Mikhail Kalashnikov — Psychic Modeling

Psychic Modeling: The Problem of Identifying Minimal Lottery Ticket Set

For a long time I was planning to find some time to work through the book “The Algorithm Design Manual” by Steven Skiena^[1]. It is well recognized by many as a great source of algorithm wisdoms.

When that day has come, soon I discovered that I can’t get past Chapter 1. One thing threw me out of balance, right from the beginning. That was the problem that the author of the book, Mr. Skiena, offers to solve to his reader, under the implementation exersize section of the first chapter.

I’ll try to make a claim that neither the book nor the referenced paper present an optimal working solution for the given exercize. And for that reason it is likely to be a source of confusions to many readers.

Problem statement

Below is my brief paraphrase of the problem description

Imagine a lottery system with the following rules:

A ticket consists of `R` numbers, selected from 1 to `S`.
Ticket numbers are only placeholders, you may fill the blanks with any numbers you want.
You can buy as many tickets as you want.
At the end of the day, the lottery organizers draft `K` numbers and call it a master ticket.
Any ticket you may buy will be a winning ticket, only if there are `L` common numbers between your and the master ticket.

Imagine, there are some people (in the book they are called psychics, I will call them lottery insiders) who can guarantee you the following edge:

There is a reduced set of `N` numbers out of `S`, say, 1 to 15.
It is guaranteed that `J` out of set `N` will be on a master ticket.

The question is: Given the input numbers: `N <= R <= J <= L`, What is the minimum set of tickets you need to buy, in order to guarantee to have at least one winning ticket?

For a complete problem description, I recommend refering to a chapter from the book^[2].

Reasoning

First of all, the book does not even attempts to present the correct solution to a mentioned problem.

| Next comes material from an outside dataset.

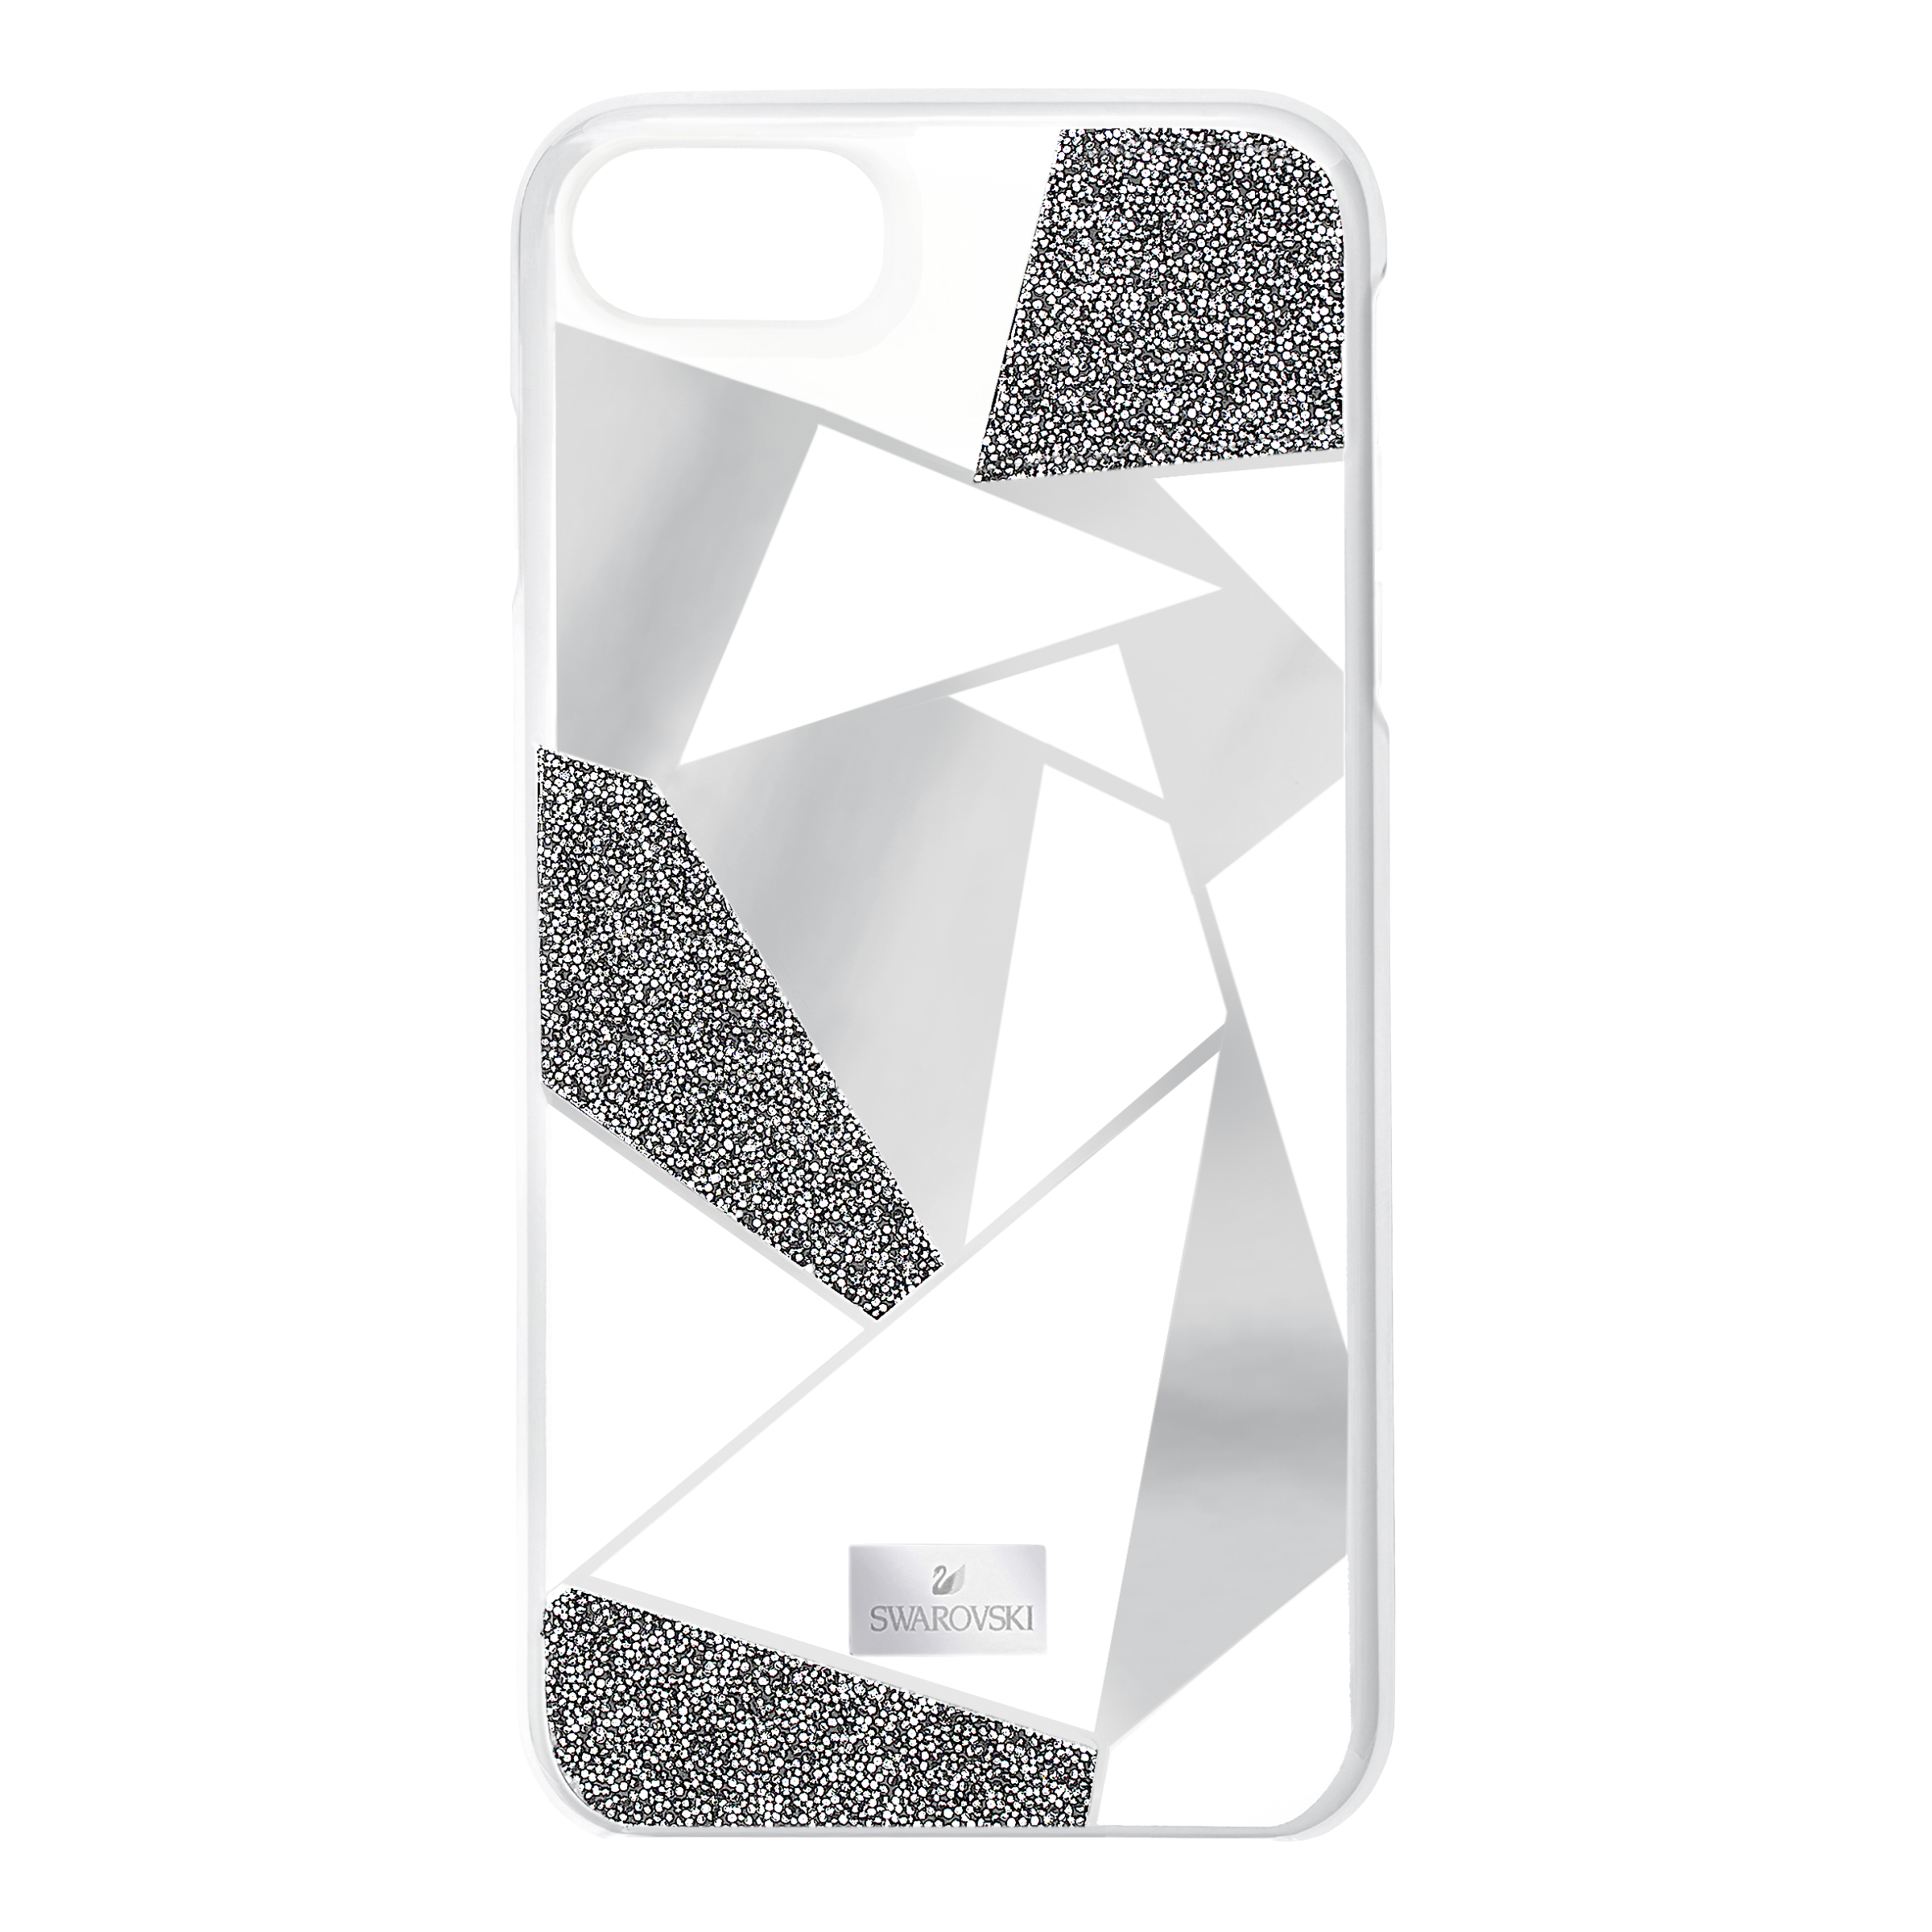 Heroism Smartphone Case With Bumper, Iphone® 8, Gray

It only provides an incorrect solution, in an attempt to emphasize the importance of the problem modeling before coming up with the final algorithm design.

The book claims that the general outline of that incorrect solution still holds for the real problem and with some minor modification, it must be obvious enough how to make it solve the original problem.

All we must fix is which subsets we get credit for covering with a given set of tickets. After this modification, we obtained the kind of results they were hoping for.

I read this sentence a hundred times, thinking that the trick to the solution carefully covered within these words:

All we must fix is which subsets we get credit for covering with a given set of tickets.

As I found out, it was naive to assume so. I think this sentence is misleading. Which subsets are we talking about here? `NR`-subsets? `NL`-subsets?

Turns out, the right answer to this question is `NJ`-subsets, (or `JP`-subsets of `NP`-subsets to be more precise), even though I'm not sure if that what was intended. I will show later why I believe it is the case. The problem is that the algorithm described in the book completely disregards `J` and its importance for the working solution. In a similar manner as the paper disregards the importance of `R`, hence leading to the incorrect algorithm.

Paper

In the chapter notes, the book says: our solution to the lotto ticket set covering problem is presented in more detail here^[3].

The referenced paper introduced the notion of two subsets overlapping each other which is crucial to come to a working solution.

What puzzled me, is why is the algorithm presented in the paper disregard R completely, as if nothing depends on it? Even when they presented a complexity estimate, the `R` is missing from the equation.

It almost tricked me to believe that is the case. In fact, in the pseudocode algorithm from the book, it is `J` that is missing. I was starting to believe, that these are just two equivalent algorithms, in which you can either disregard `R` or `J` completely and still being able to solve the problem optimally.

However, that turned out to be not the case.

Framework

I will try to present here my framework for thinking about the problem, together with a few examples to make it easier to follow.

First, let's see what each of the subsets means:

$N \choose R$ - these are all possible combinations of tickets with numbers, given that we follow the insiders lead.

We know that `J` out of `N` numbers will be in a master/winning ticket, so:

$N \choose J$ - gives us every possible combination of predicted numbers that can occur in a winning ticket. We need to cover them all with our bought tickets if we want to be certain to win.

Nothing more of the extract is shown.